All events also include ts (epoch ms) and conversationId.

HTTP API

| method & path | description | |---|---| | POST /log | ingest one event (used by the extension) | | GET /conversations | list conversations: id, events count, model, firstUser, lastTs | | GET /conversations/:id | full event list for one conversation | | POST /conversations/:id/title | rename a conversation ({ "title": "..." }) | | DELETE /conversations/:id | clear one conversation | | POST /shutdown | stop the server (used by the CLI stop and the extension Stop button) | | GET / | service info + conversation list |

Examples

# list conversations
curl http://localhost:8787/conversations

# fetch one conversation's full trace
curl http://localhost:8787/conversations/<uuid> | jq

# pull just the model's chosen tools across a run
curl -s http://localhost:8787/conversations/<uuid> \
  | jq '.events[] | select(.type=="model_response") | .toolCalls'

# delete a conversation
curl -X DELETE http://localhost:8787/conversations/<uuid>

Analyzing a run with an LLM

The fastest way to improve an agent: give the trace to a capable model.
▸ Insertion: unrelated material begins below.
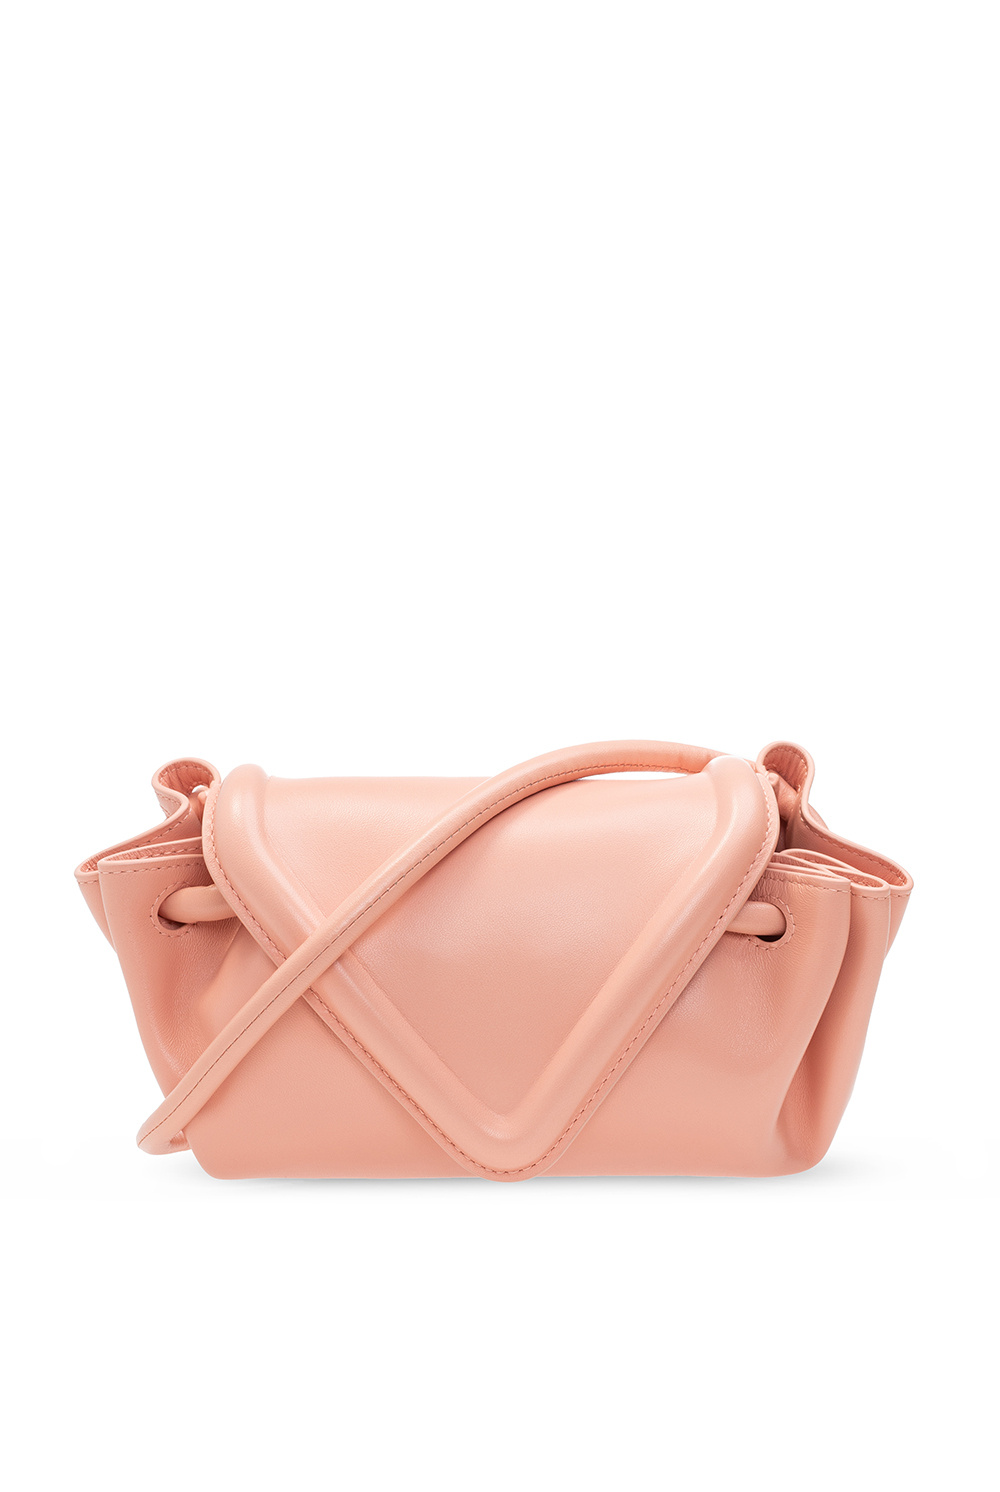 Bottega Veneta Olimpia Stitch Pink Intrecciato Leather Crossbody Bag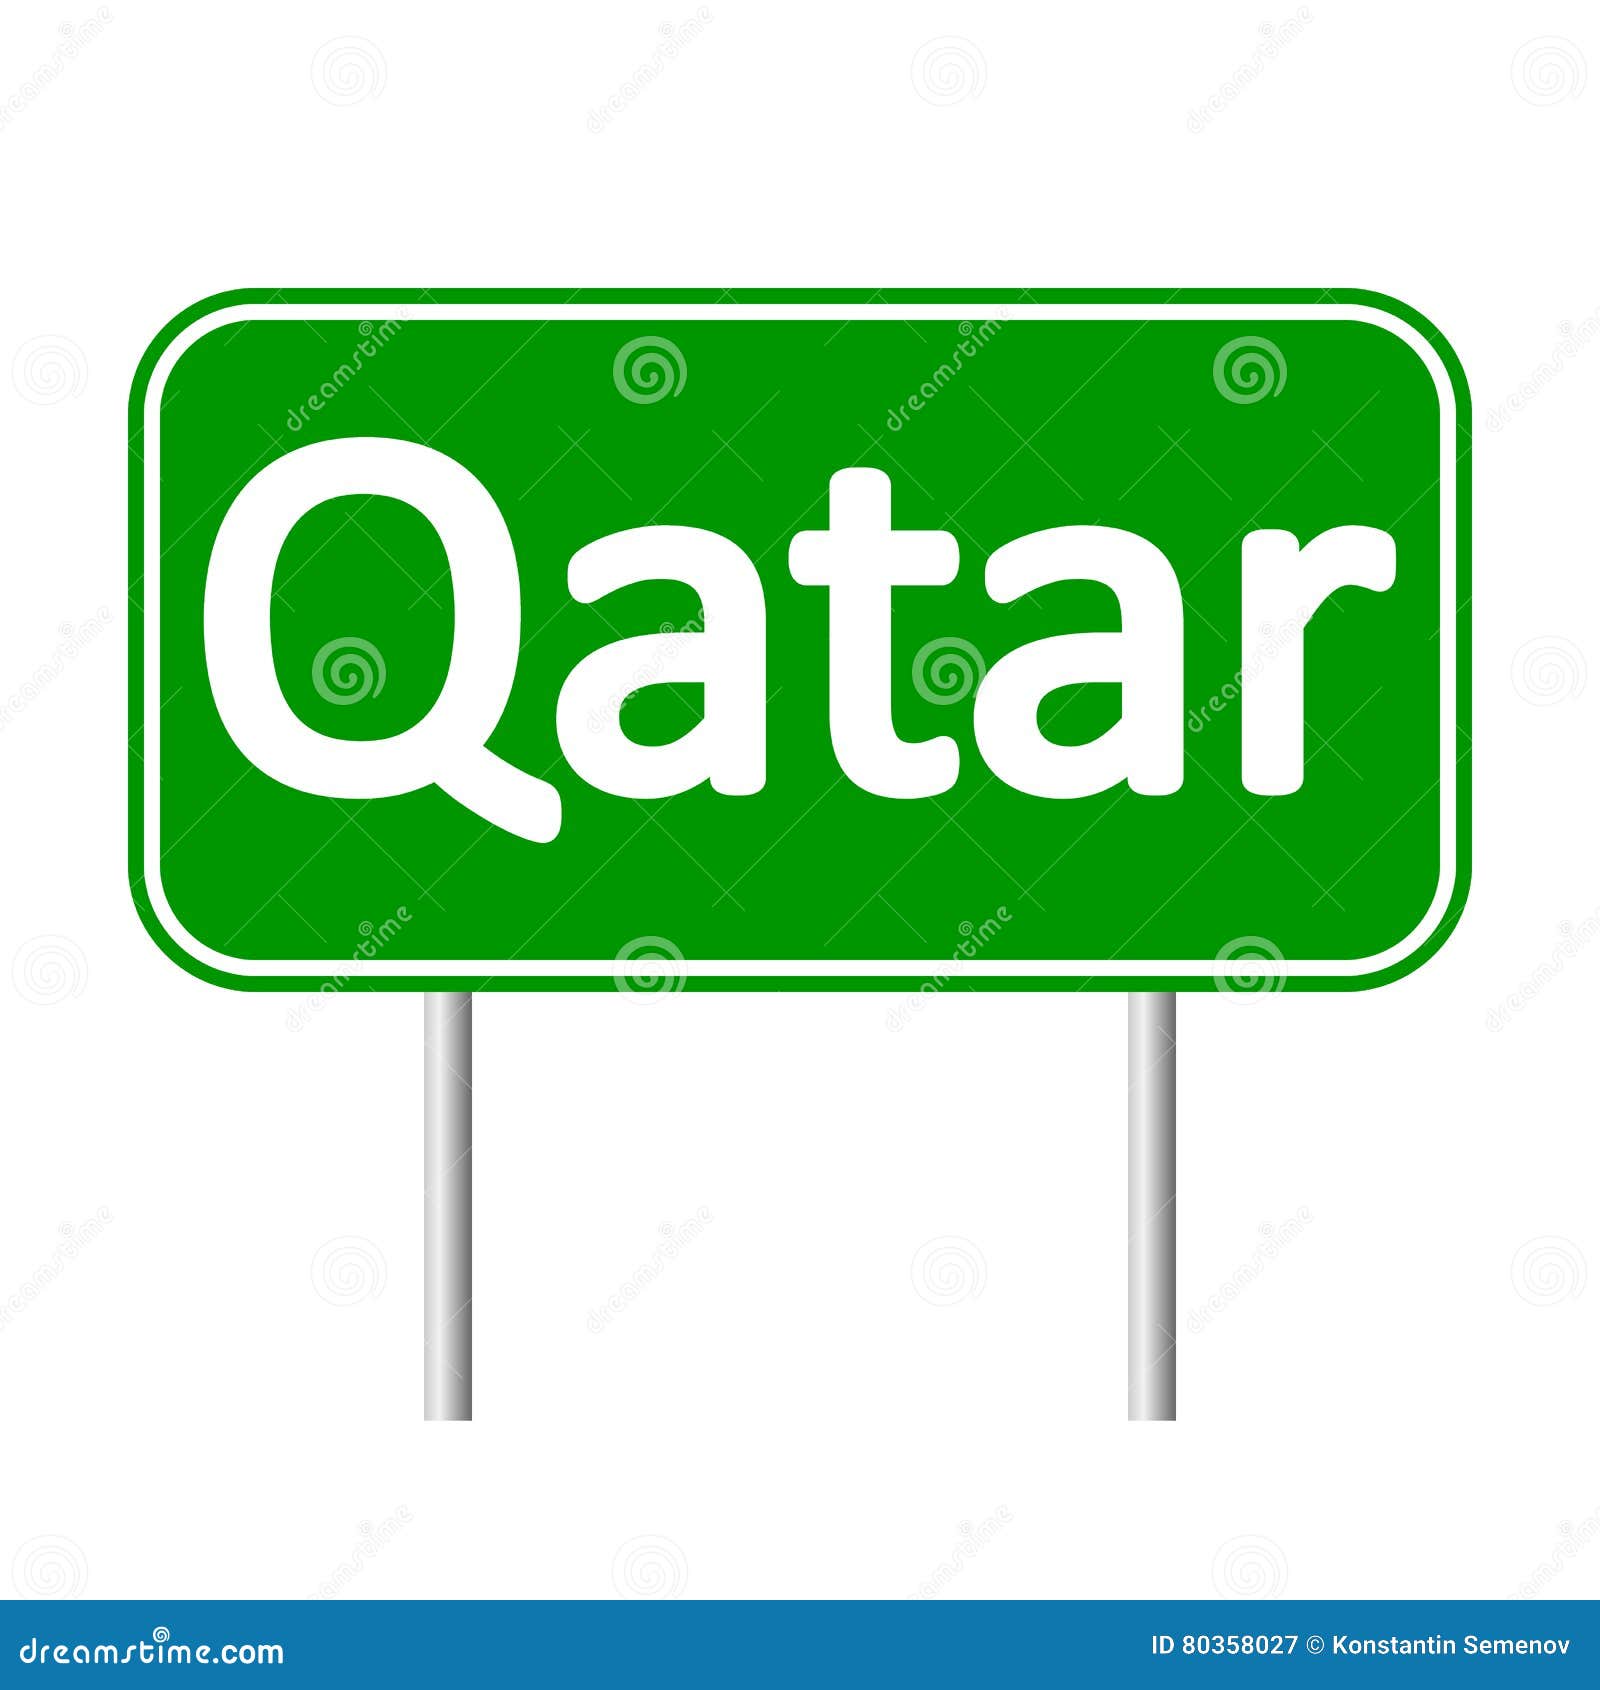 qatar road sign.

Grab the conversation file: conversations/<id>.ndjson.
Paste it (or the relevant events) to Claude/GPT with a prompt like:
"This is an NC-Pilot agent trace. The agent kept re-clicking the same element instead of finding the 'Apply' button. Look at the model_request and tool_result events and tell me what to change in the system prompt or tool descriptions."

The model_request events are the most valuable — they show the model's exact input.

Privacy & data

Everything runs locally. This server makes no outbound connections.
debug-events.ndjson and conversations/ can contain page content, URLs, and form text from whatever the agent read. Treat them as sensitive.
Both are git-ignored by default. Do not commit or publish captured traces — scrub or delete them before sharing.

Project layout

nc-pilot-debug-server/
  server.js            # the whole server (zero deps)
  cli.js               # start/stop/status/restart wrapper (the `bin`)
  package.json         # bin + npm scripts
  README.md
  conversations/       # generated: per-conversation NDJSON (git-ignored)
  debug-events.ndjson  # generated: combined log (git-ignored)
  .debug-server.pid    # generated: background PID (git-ignored)

License

MIT — do whatever you want. (Add a LICENSE file before publishing.)